Personally I don’t have any major issues with Facebook. It’s a useful free service for sharing information. I share interesting articles, the occasional picture, blog posts, and my music releases. I like to see what my friends and acquaintances are up to, and what they find interesting, and what they want to promote to me (their show, music release, new book, restaurant, etc). Recently my friend used Facebook to sell a mattress, which I think is an appropriate use of the medium (she didn’t want to deal with creepers on craigslist).

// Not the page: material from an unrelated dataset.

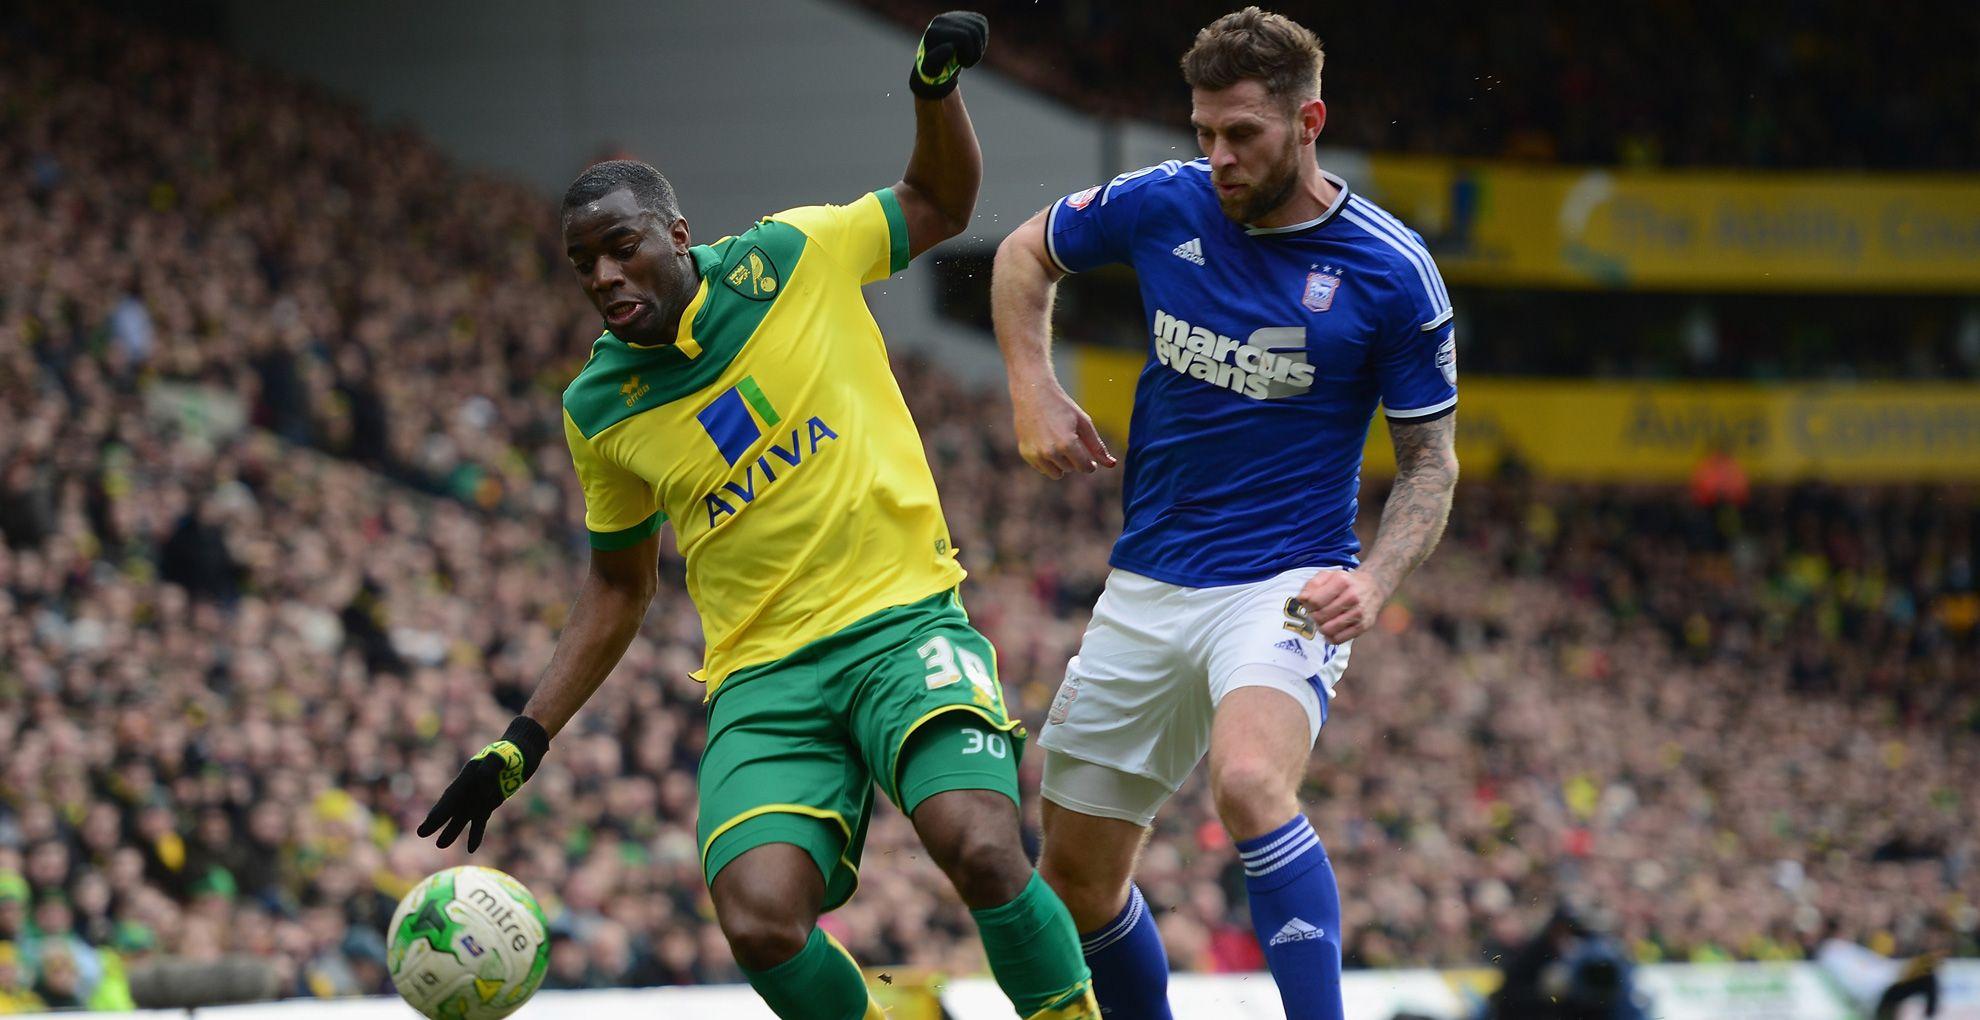 Norwich 2 0 Ipswich Match Report & Highlights PL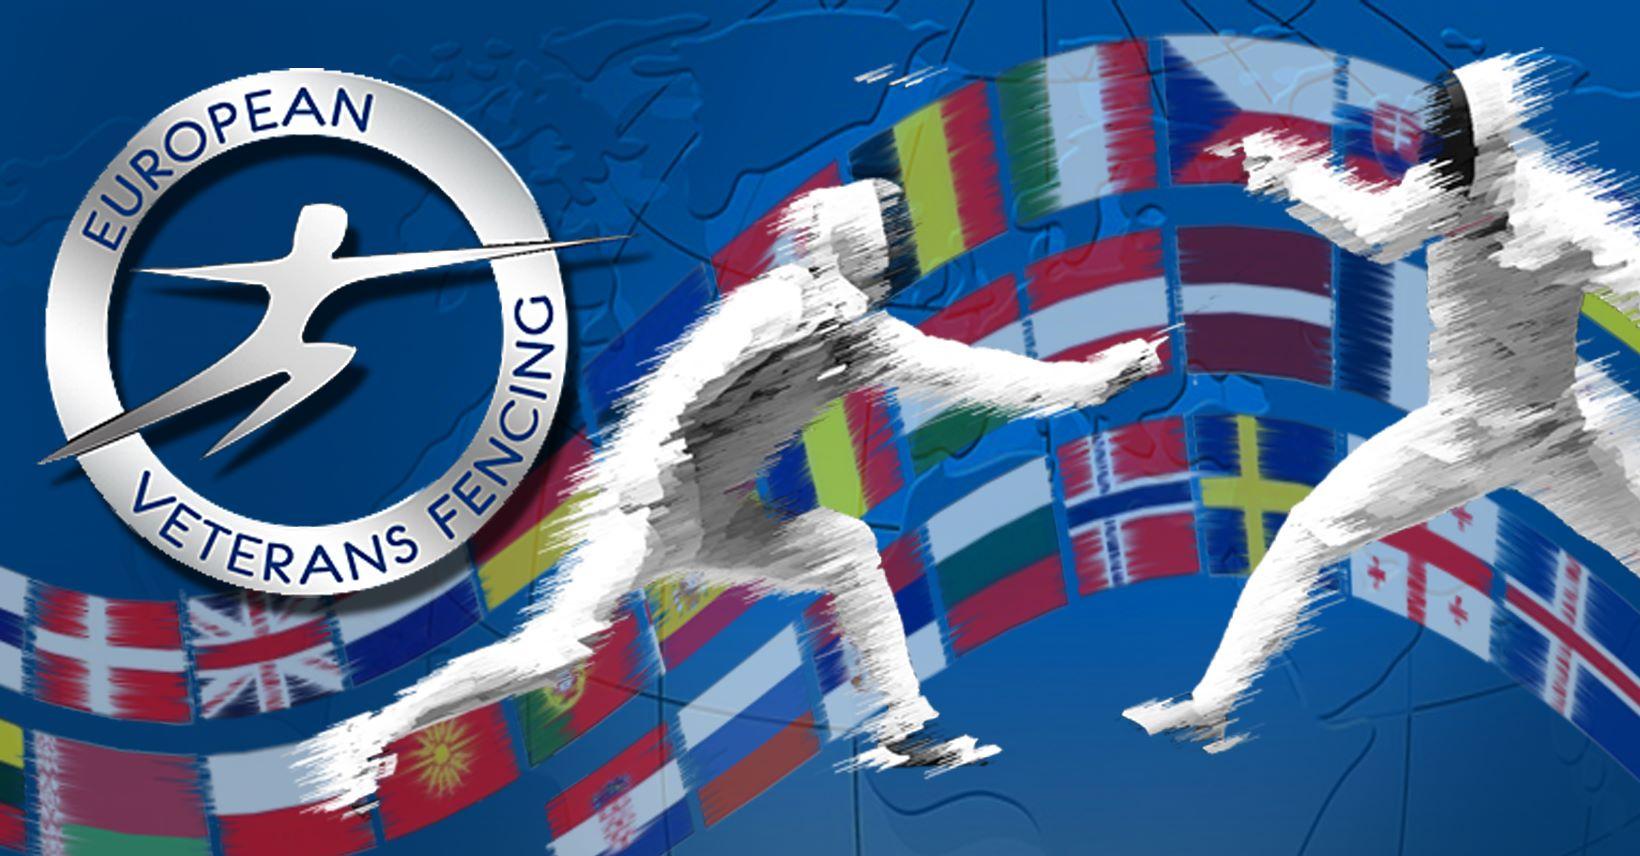 European_vet_fencing

In general I try to abide by the following:

  • Don’t share anything I’m not comfortable with the entire world seeing.
  • If someone is wrong on the internet, that’s OK (I don’t need to intervene).
  • Don’t use Facebook to express my deepest feelings.

Last night I watched a thread between friends go bad. Feelings hurt, accusations, defriending. Ouch! It was the kind of interaction that could put a person off of social media altogether. Face to face, or even on the phone, the interaction wouldn’t have deteriorated. We can’t read other people’s feelings — only their words. If you reach out for sympathy on social media, you might find some. But it’s a crapshoot. It’s more reliable to call a friend. Facebook just doesn’t work as a medium to emotionally connect. More often, it leaves people feeling more isolated and lonely. Facebook’s founders would like you believe that it’s a tool for social connection, but Facebook doesn’t work for emotional expression. At its best, Facebook is a shared clipboard. Facebook’s not for feelings.

Maybe that’s why teens, who need to express their feelings constantly, are leaving in droves. They’re right to. Leave the shared clipboard for the grown-ups.